*Exercise prompt*:
Ignoring every picture, transcribe the data in full as it stands.

*Data below*:
.....
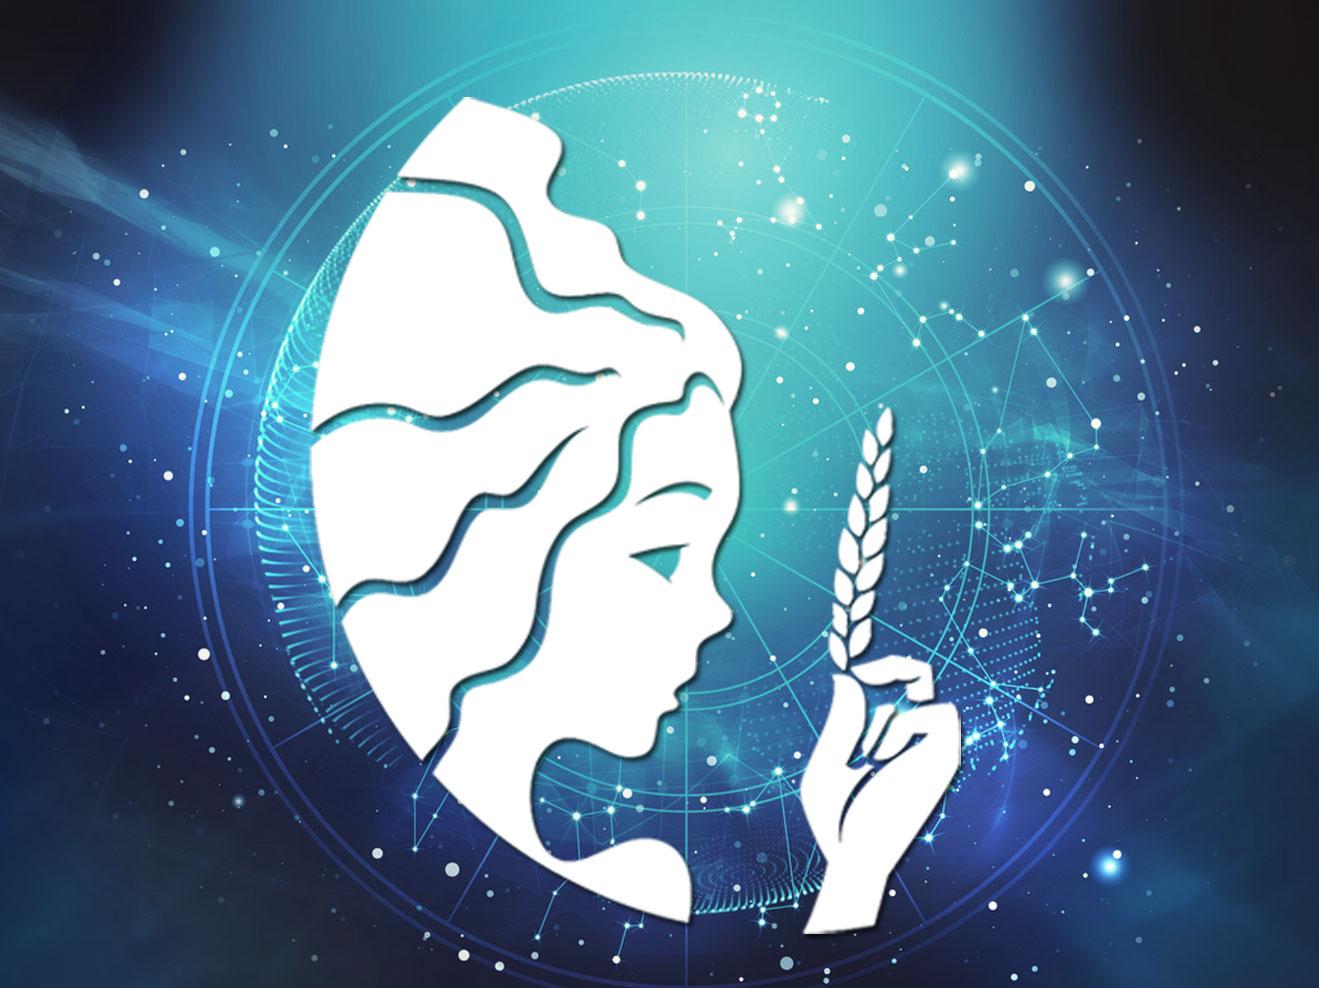 Jungfrau Horoskop
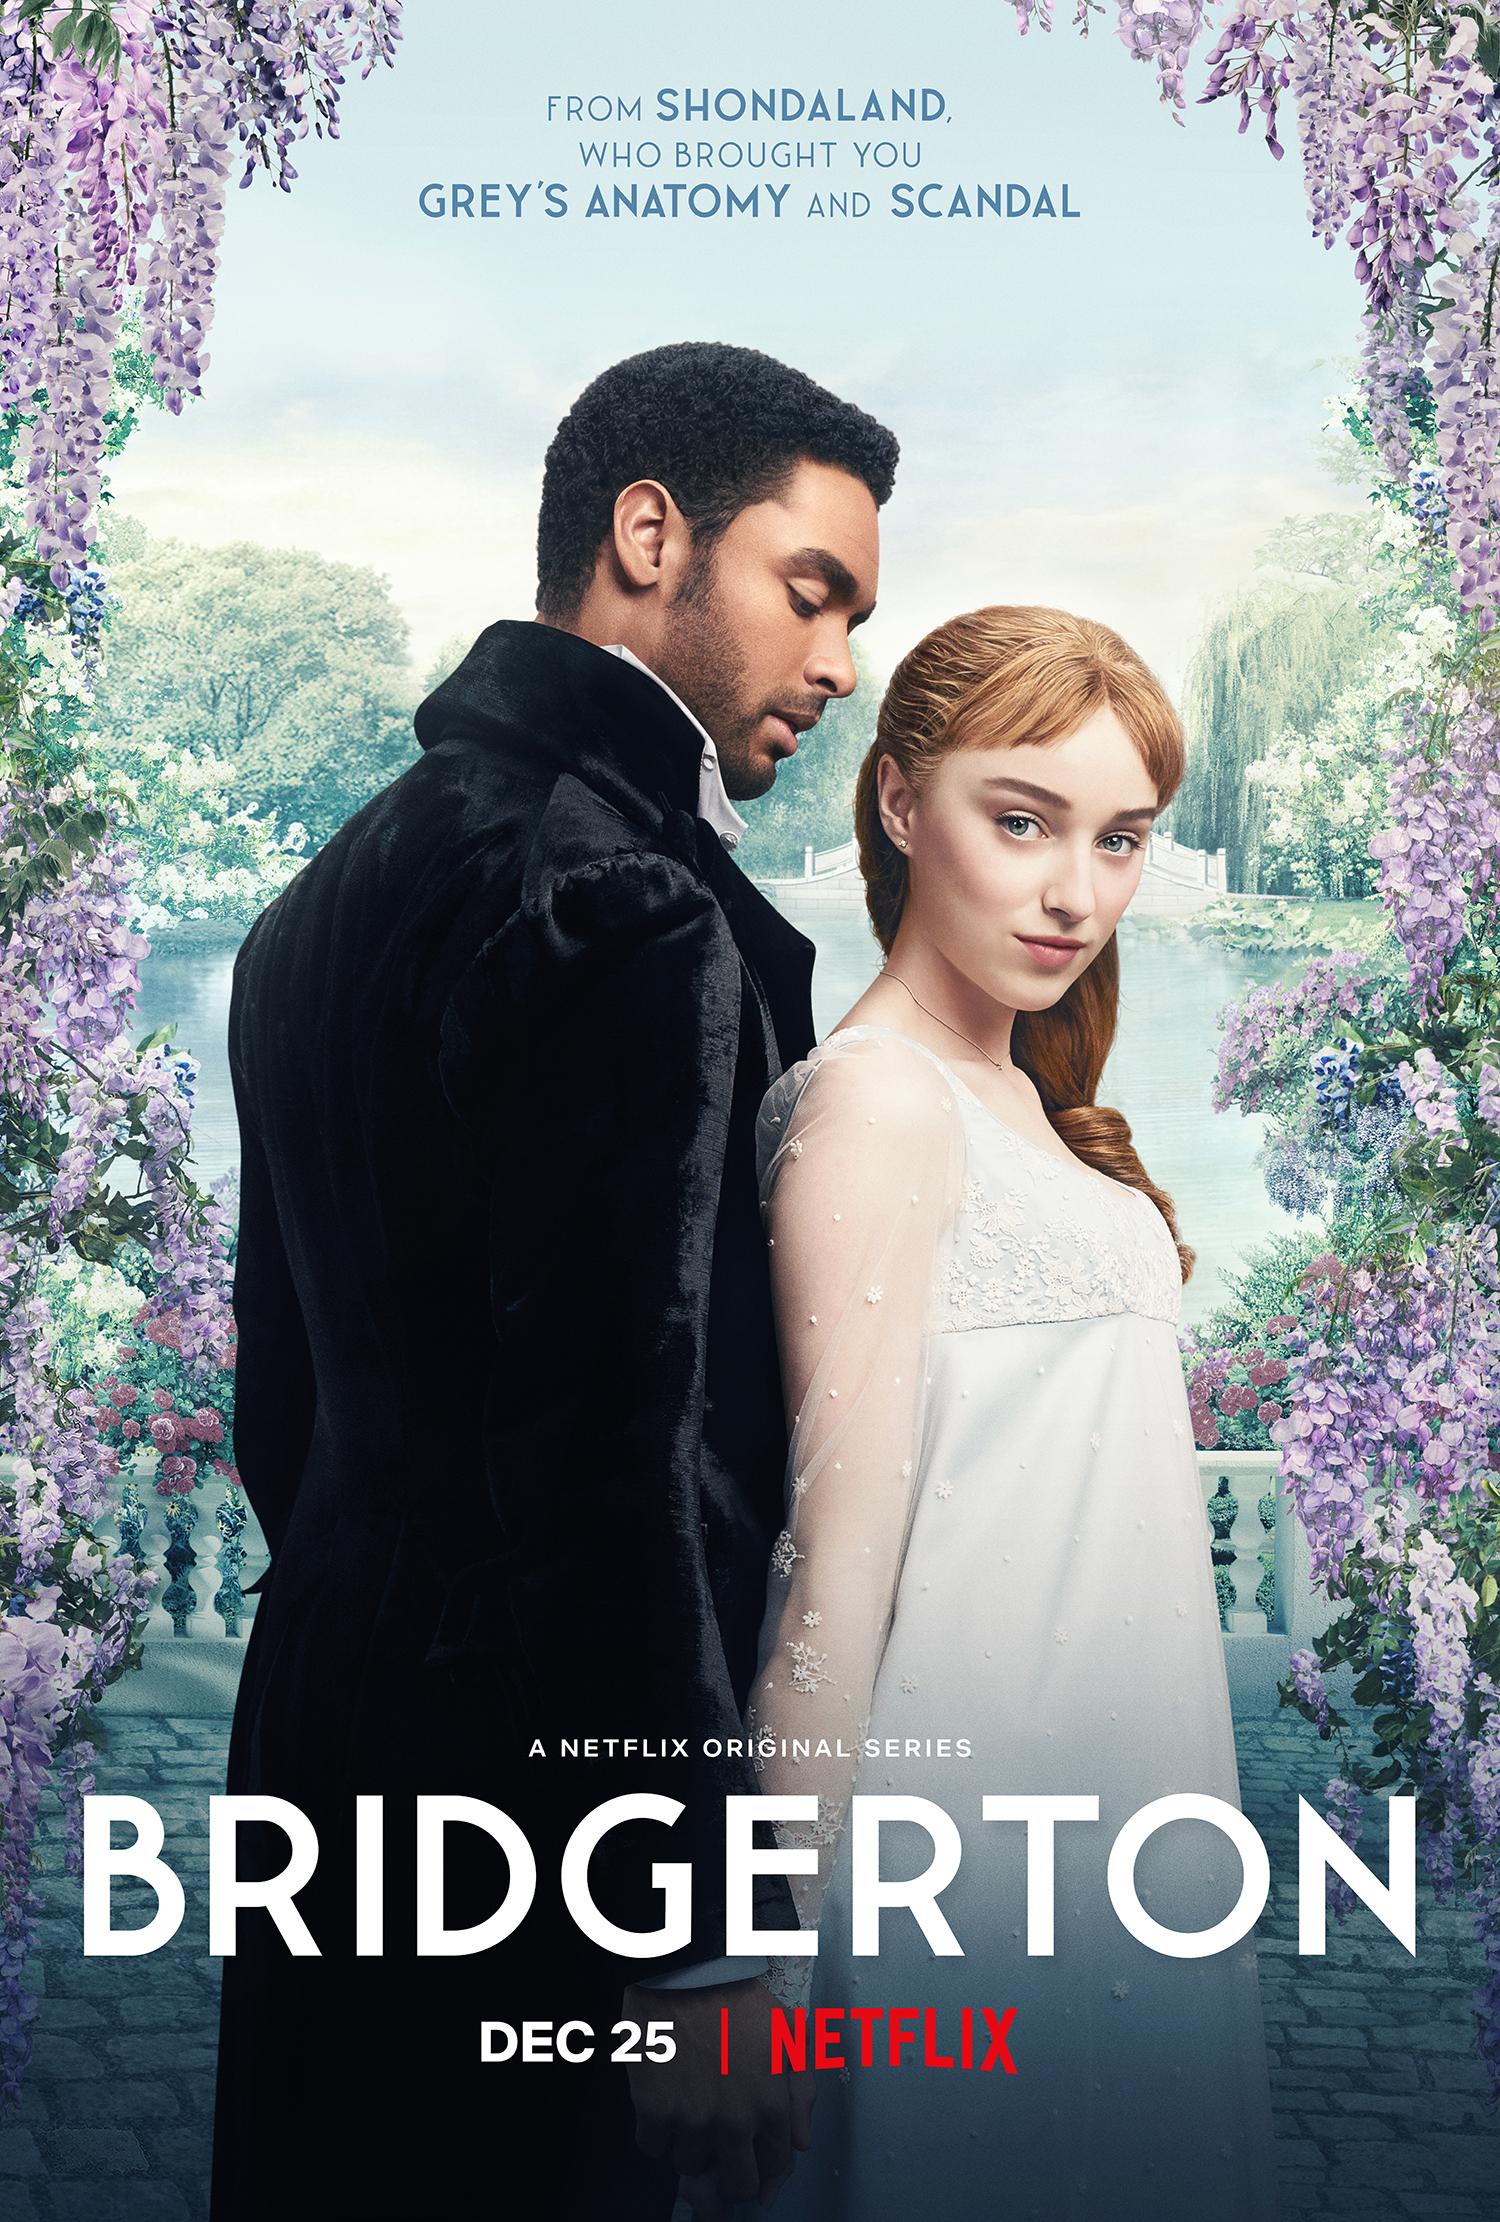 Netflix Orders Seasons 3 & 4 Of Hit Drama Series Bridgerton
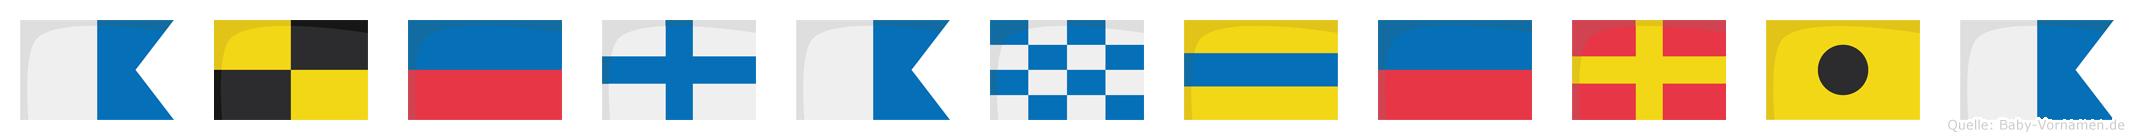 Alexanderia im Flaggenalphabet
.....
*Solved problem*:
 Jungfrau Horoskop
 Netflix Orders Seasons 3 & 4 Of Hit Drama Series Bridgerton
 Alexanderia im Flaggenalphabet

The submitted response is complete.